Thirdy Ravena, in a defensive effort which personified why he was a multiple-time Finals MVP, attempted to block Malonzo from behind. In an incredible display of athleticism, Malonzo cocked the ball behind his head, then hammered it down the rim while his would-be deterrent sprawled down the court. 

Upon Malonzo’s landing, let’s just say he took the highlight as an opportunity to trash talk.

Ateneo, however, won the game. 

“It’s a play. Two points. We won the game. Doesn’t matter. It happens,” Ravena said afterwards. “You get blocked, you get dunked on. Part of the game.”

Malonzo, who went more into detail discussing the dunk in the podcast, was asked what Thirdy would do if a copy of the potential painting was mailed to him in Japan, requesting his signature.

“Oh, man. Oh, man. I don’t know, man,” he responded, laughing. “I think…you know, he’s sure to call me up talking crazy if I were to do that!”

The two are now friends and have been teammates under Mighty Sports. They keep in touch.

“Yeah, man, [the painting’s] just a suggestion,” Malonzo said.

“So we’ll see!”

Art isn’t the only skill Malonzo possesses. This other one, unfortunately, might never go public. 

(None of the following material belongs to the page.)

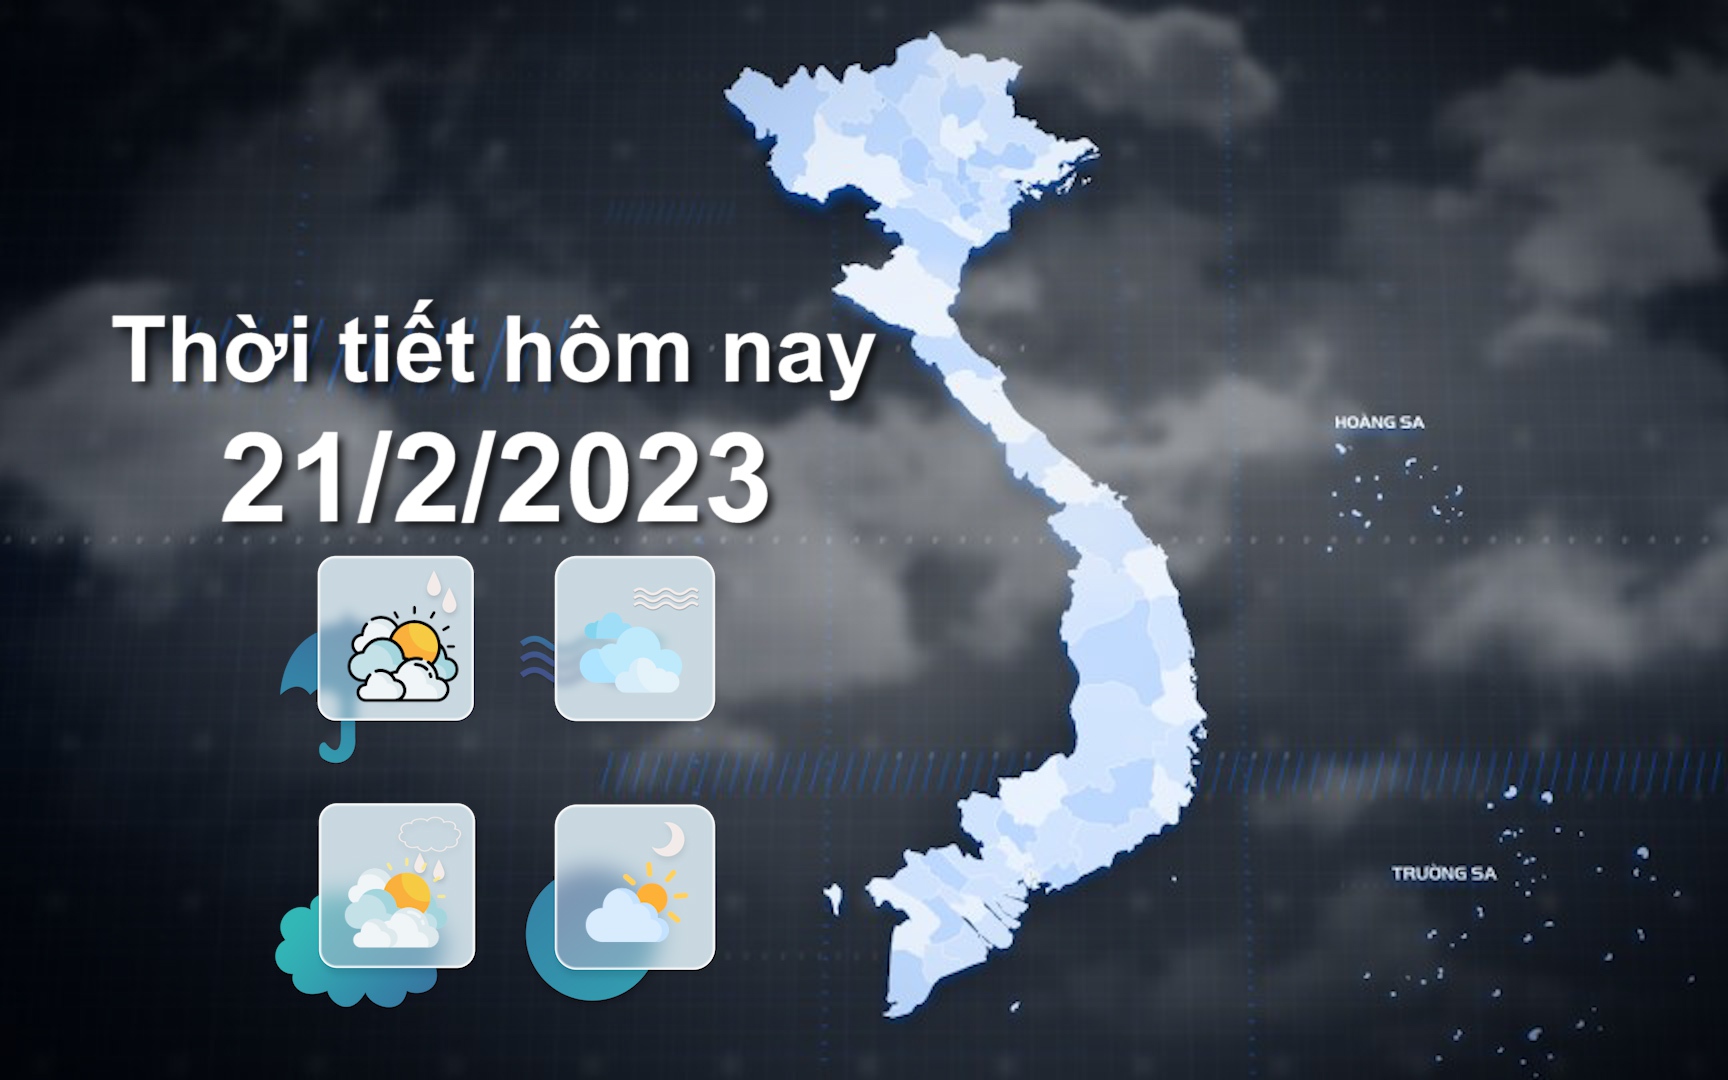 Thời tiết hôm nay 21/2/2023: Tây Nguyên, Nam Bộ chiều tối có mưa vài nơi, ngày nắng

“I got a few songs on my phone, man, but secretly, for sure,” he said. 

“I don’t think those are ever going to come out, but I got a lot of compliments on my own.”

He gave that line when asked if hoopers secretly want to also be musicians, while admitting he has his own original creations.

“Original, man. I have this one of my friends who was back home and we get bored, man, and my brothers have a studio at the house. So we just cooked up some magic.”

“Those are probably never going to come out,” Malonzo emphasized.

“But I got a lot of compliments on them. So you never know, I might just be a rapper one day…psych, probably not, but…”

Time will tell.

Like most people, there’s more to Malonzo than meets the eye. You can call him a hooper, an artist, or a musician, but he also empathizes with those who like him have suffered cruel injustices. He knows firsthand what it feels like to be on their side of the social spectrum. 

“I know that there’s a lot going on with the hate on the Asian community [in the United States] and I think that’s a big one, you know? Also, the hate on Black America, you know? And so being both of those, you know, I sort of had sentimental value in my heart for a lot – everyone, just everyone who experienced that.

“I know back home in the States, you know, I had my fair share with a cop or two one time and it just sucks – me being colored and just mistreated, you know?”

In the PBA, the oldest basketball league in Asia, Malonzo will have an opportunity to be an example of the excellence which can be accomplished by those from the Black and Asian communities. 

But it won’t be just through basketball he accomplishes this. With the way things are going, he’ll also carry it out through art and, perhaps, music. 

Then again, who knows what else the future has in store? It is limitless.